An Opinion Piece from the Stanford Daily

Jan 22, 2008 09:15

Op-Ed: Using Abortion
January 22, 2008
By John and Mary Felstiner

If the well-tended patch of grass opposite the Stanford Bookstore is pierced with white crosses today, we once again find ourselves treated to a misuse of history and analogy. For several years, on the Jan. 22 anniversary of Roe v. Wade, the landmark 1973 Supreme Court case on abortion rights, a group called Stanford Students for Life (SSFL) has shown itself profoundly aware that their display of crosses connoted a literal graveyard. This awareness made their display all the more dismaying.
In anyone conscious of wars past and present, a peaceful bright green field studded with lines of crosses must evoke military cemeteries harboring soldiers actually killed while serving their countries - like the 3,929 Americans killed so far in Iraq. SSFL has exploited this tragic reality to shock us with what they consider a simple absolute: the killing of human beings.

Of course anyone has the right to organize a demonstration on the question of abortion. The Daily has correctly referred to “fetuses...legally aborted” since 1973, but debate will go on endlessly about both elements in that phrase: the status of fetuses, especially for months before the “quickening,” and the legality of what opponents label a moral evil.

What we deplore is the use of false and sensational analogies, which are a poor way to “educate people,” as Students for Life claim to be doing in simulating a military cemetery. Ken Burns’ recent documentary should provide enough detail to see an absolute difference between the deaths of soldiers or the slaughter of Jewish babies, on the one hand, and on the other hand, mothers, parents and families, often making vital choices to complete an education or care for their children or their health - choices supported by a democratic majority standing for the privacy of women’s rights. By the same right, women may choose to entrust a newborn to adoption.

Analogy-mongering often drives together opposites. Entering “abortion” and “Holocaust” on Google turns up countless sites that flaunt this dubious connection. An active organization called “Survivors” appeals to “Survivors of the Abortion Holocaust,” and elsewhere online you can buy your “Abortion Holocaust Baseball Jersey.” We also find deplorable, for that matter, the term “Silent Holocaust” applied by some voices in Orthodox Judaism to intermarriage - or any misuse of the massive organized murder of one group by another to condemn personal choices.

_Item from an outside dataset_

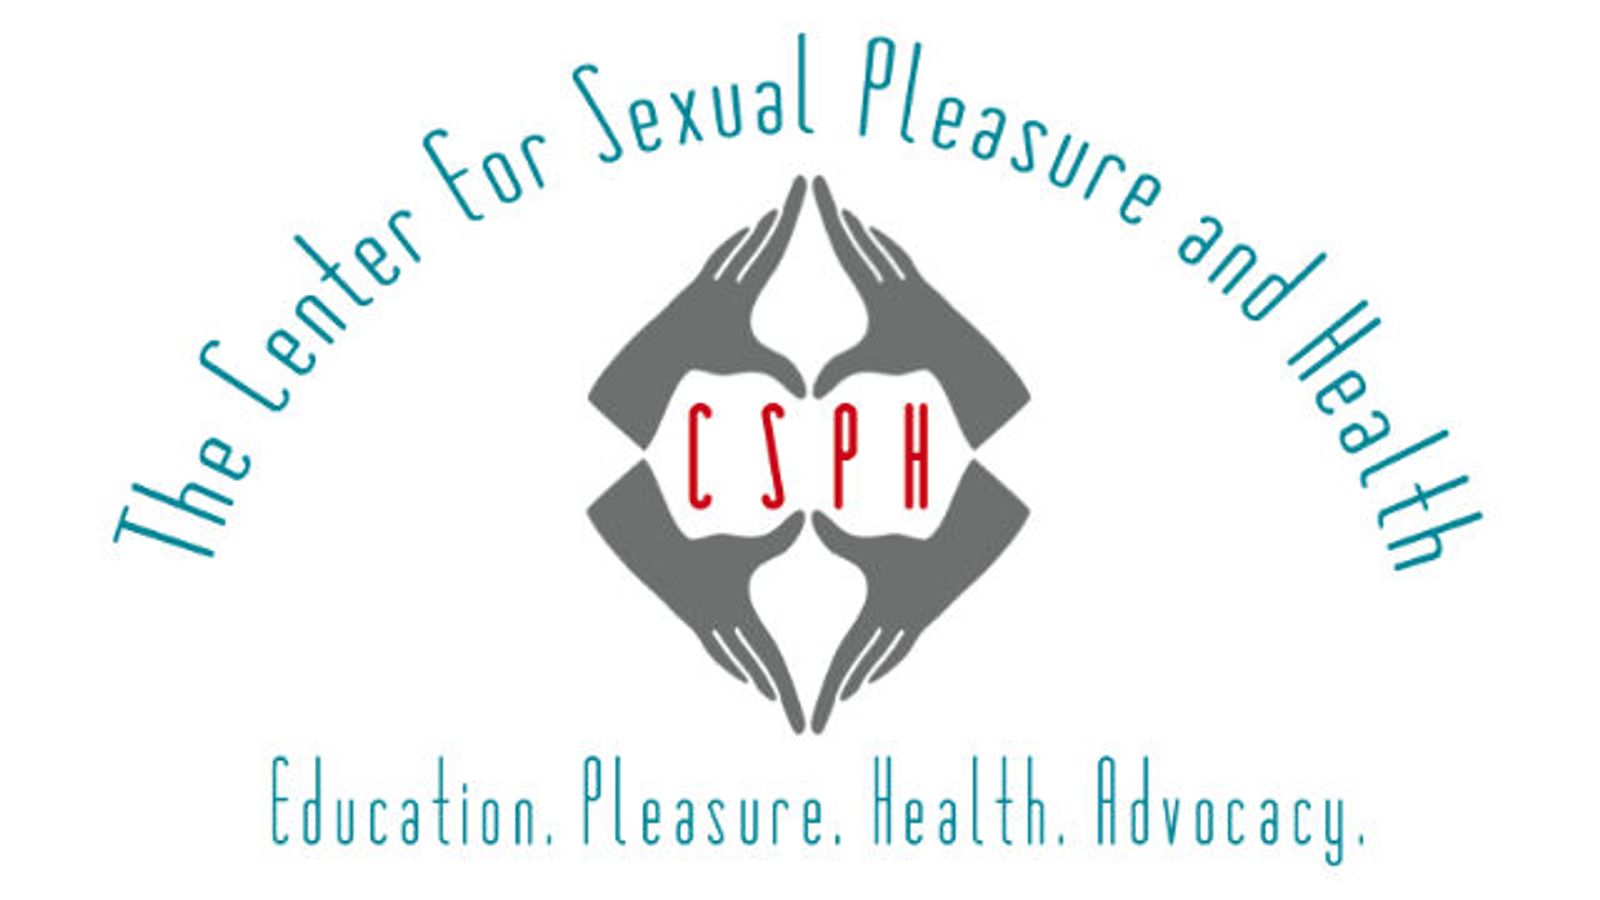 The Center for Sexual Pleasure & Health Awarded Non-Profit Status

Both of us signing this opinion piece grew up during the war - and as it happens, both of us are teaching courses on the Holocaust at Stanford this year. SSFL claims that its cemetery is for “victims of Roe,” but as we know from the Nazis and other totalitarian tyrants, victims have perpetrators.

Do so-called “pro-life” advocates mean to brand women, who have various life-cherishing reasons to undertake a legal abortion, as killers?
At last Saturday’s “Walk for Life” in San Francisco, where SSFL was represented, posters announced “Peace / Life / Love / Babies” - as if these were not core concerns of the pro-choice majority. Surely many if not most Christians would deplore the contempt for pregnant women implied by tying them to crosses in a cemetery. One year, with irony, we asked someone staffing the display table whether fetuses aborted by Jewish women, for instance, were considered equally lamentable, and were told, “Oh, I think we didn’t have enough wood.” At the same time, SSFL insists their crosses have no “religious significance,” which makes no sense.

In an effort to bolster its cause, SSFL and a group called “Feminists for Life” summon up early American activists for women’s rights, who spoke against abortion. But this too betrays a misguided historical viewpoint. Those late 19th century judgments reflected a sense that “abortion symbolized an undue burden on women, who alone paid the price of unwanted pregnancies,” according to Professor Estelle Freedman in “Feminism, Sexuality, and Politics.” To understand modern feminism, she points to “historical changes in the nature of work and family,” such as the 1960s’ “growth of dual-wage-earning families who desired to limit and space births.”

The debate will go on. But as long as one side insists on a moral absolute of “killing,” for which they alone possess the one true definition; as long as their movement tries to seize and co-opt that word “life”; as long as they would totally dictate the rights of others - well, we’re still in trouble. Do we want, by making abortion illegal, girls and women once again bending metal hangers, or undergoing sometimes fatal backdoor measures?

Any equating of legally terminated pregnancies with tragic loss of life, at the hands of soldiers or murderers, brings tears of anger and desperation. Let us hope this has come to an end.

John and Mary Felstiner co-authored this piece. John Felstiner is an English professor at Stanford, and Mary Felstiner is an emerita history professor at the San Francisco State University and a visiting history professor at Stanford.